START Data section
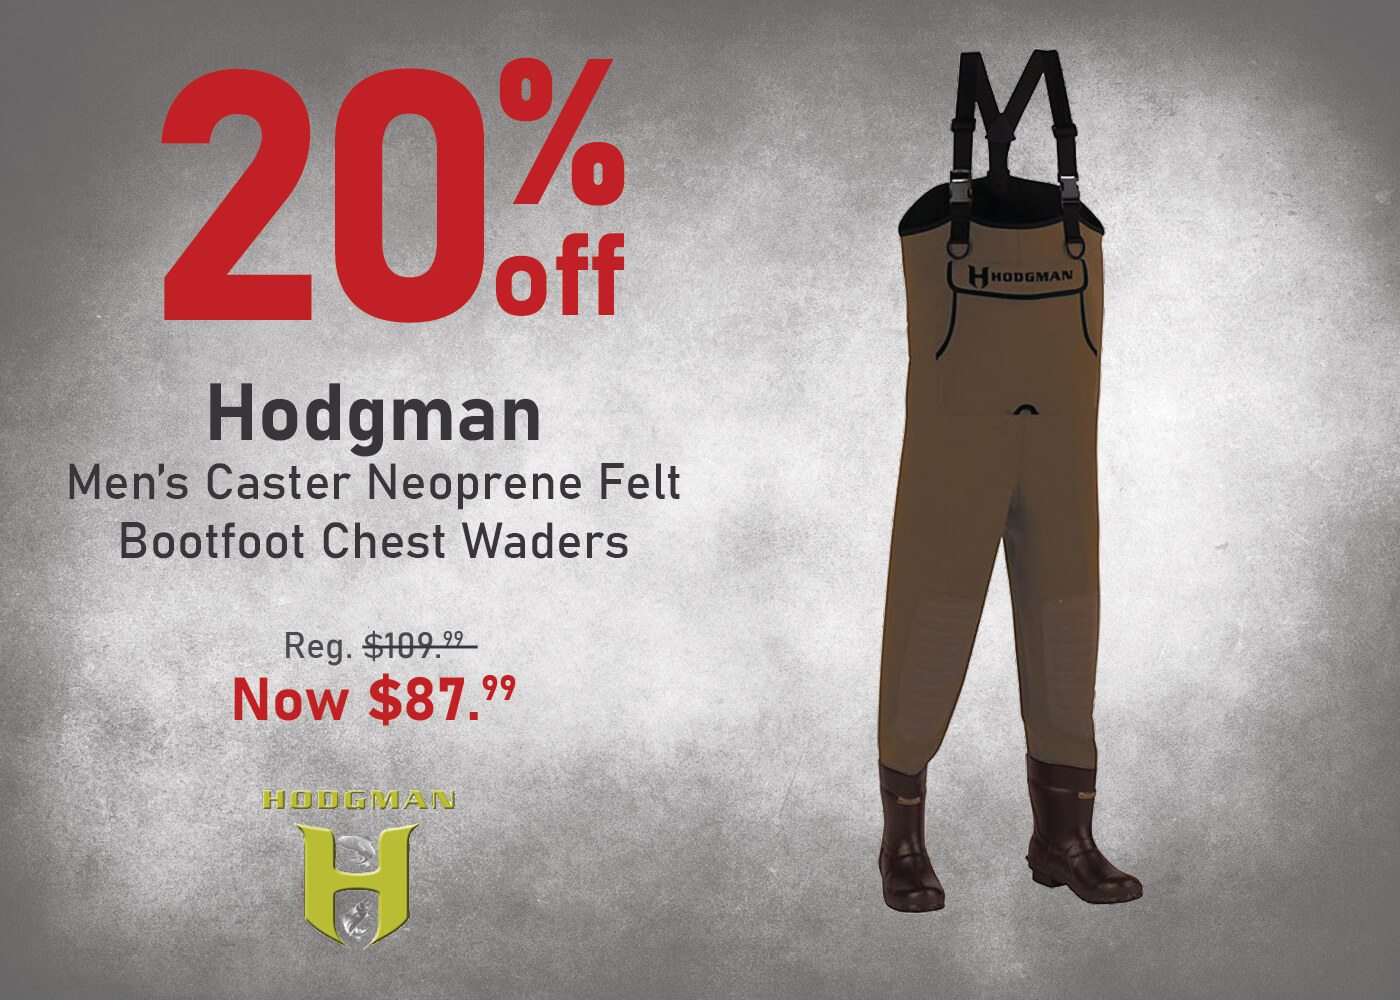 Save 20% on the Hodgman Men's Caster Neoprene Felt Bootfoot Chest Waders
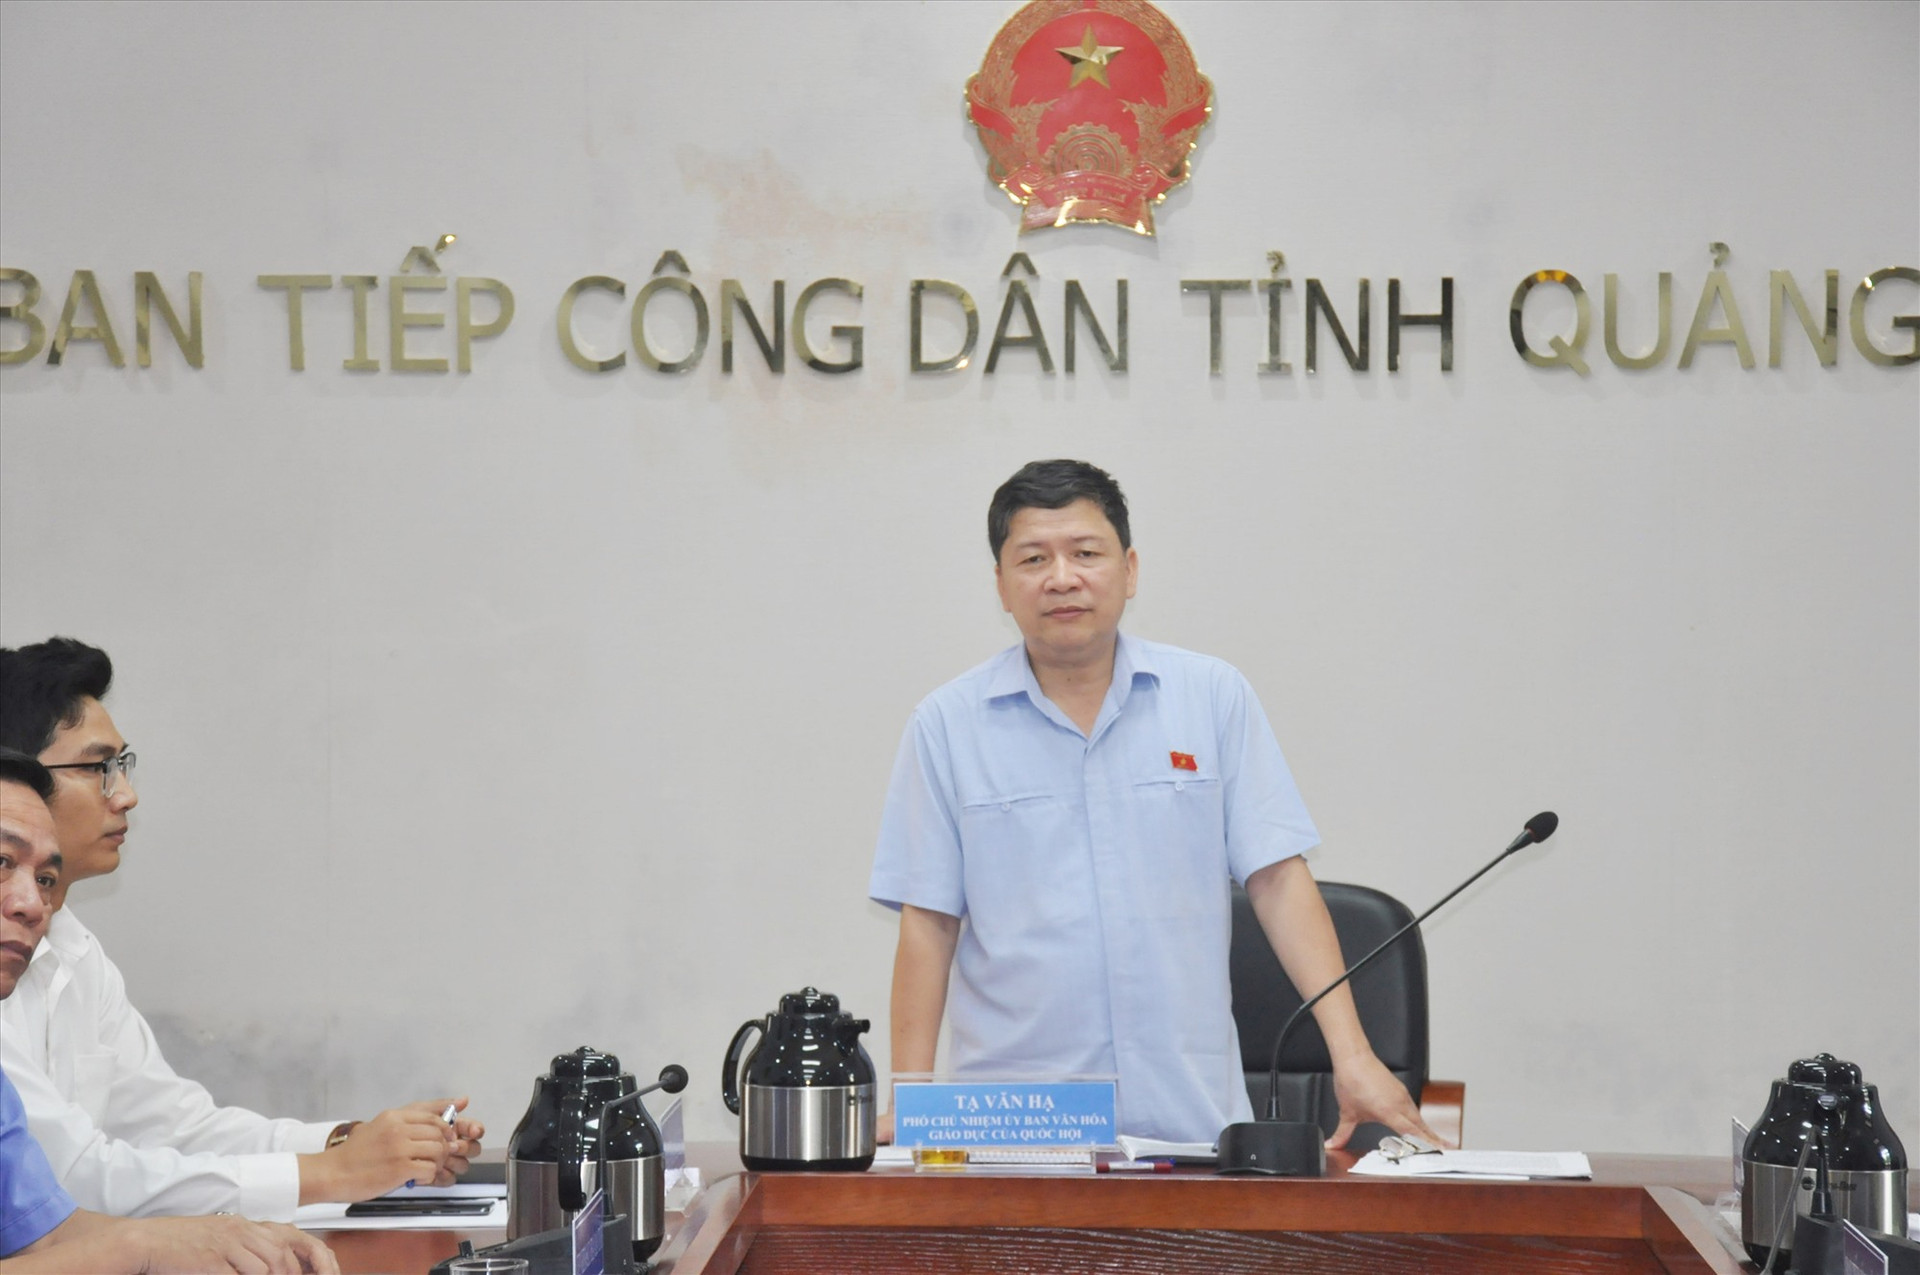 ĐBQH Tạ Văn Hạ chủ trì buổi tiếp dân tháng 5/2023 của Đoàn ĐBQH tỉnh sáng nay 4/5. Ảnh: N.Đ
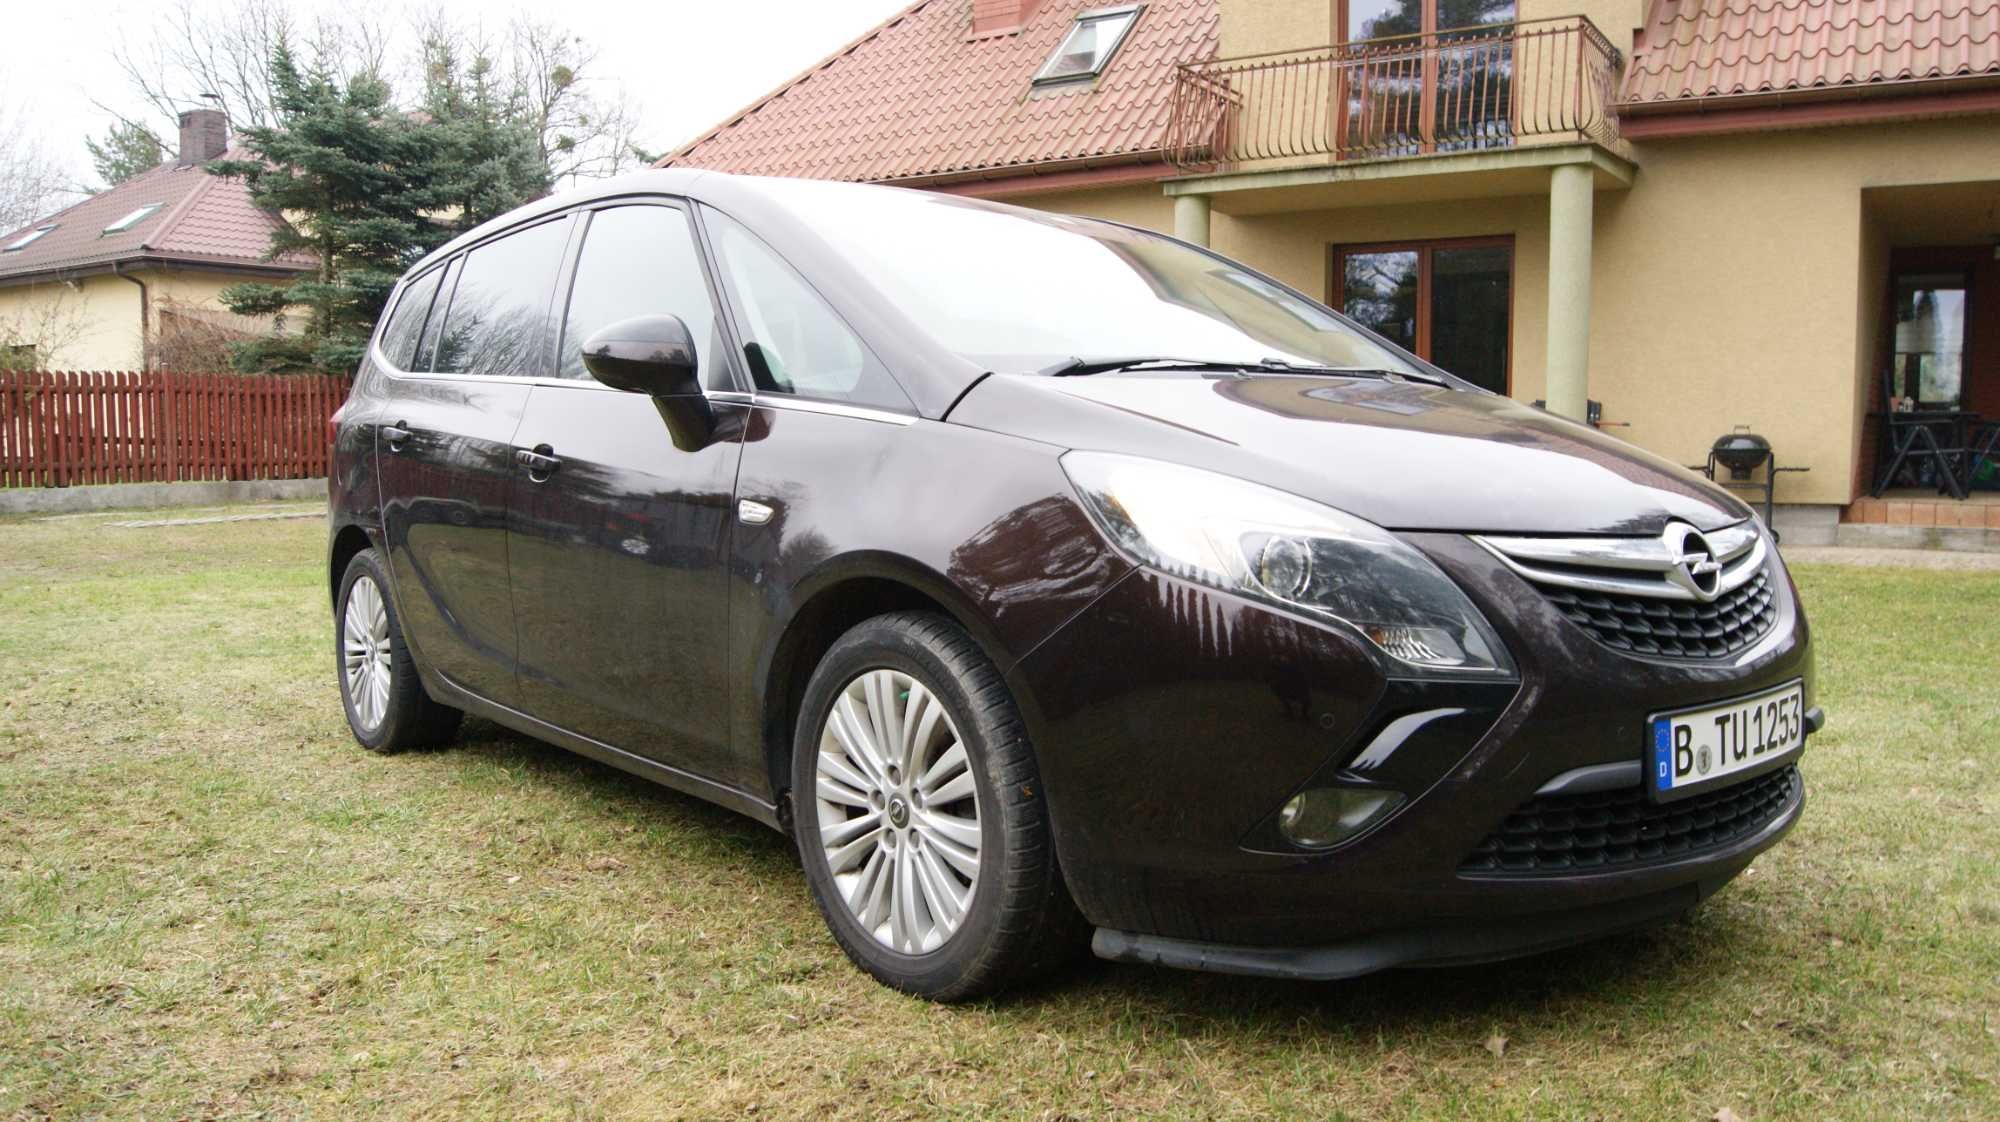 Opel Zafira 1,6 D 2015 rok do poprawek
END Data section
Copy the listing above verbatim; the pictures it contains are to stay out.

■ **Task result**:
 Save 20% on the Hodgman Men's Caster Neoprene Felt Bootfoot Chest Waders
 ĐBQH Tạ Văn Hạ chủ trì buổi tiếp dân tháng 5/2023 của Đoàn ĐBQH tỉnh sáng nay 4/5. Ảnh: N.Đ
 Opel Zafira 1,6 D 2015 rok do poprawek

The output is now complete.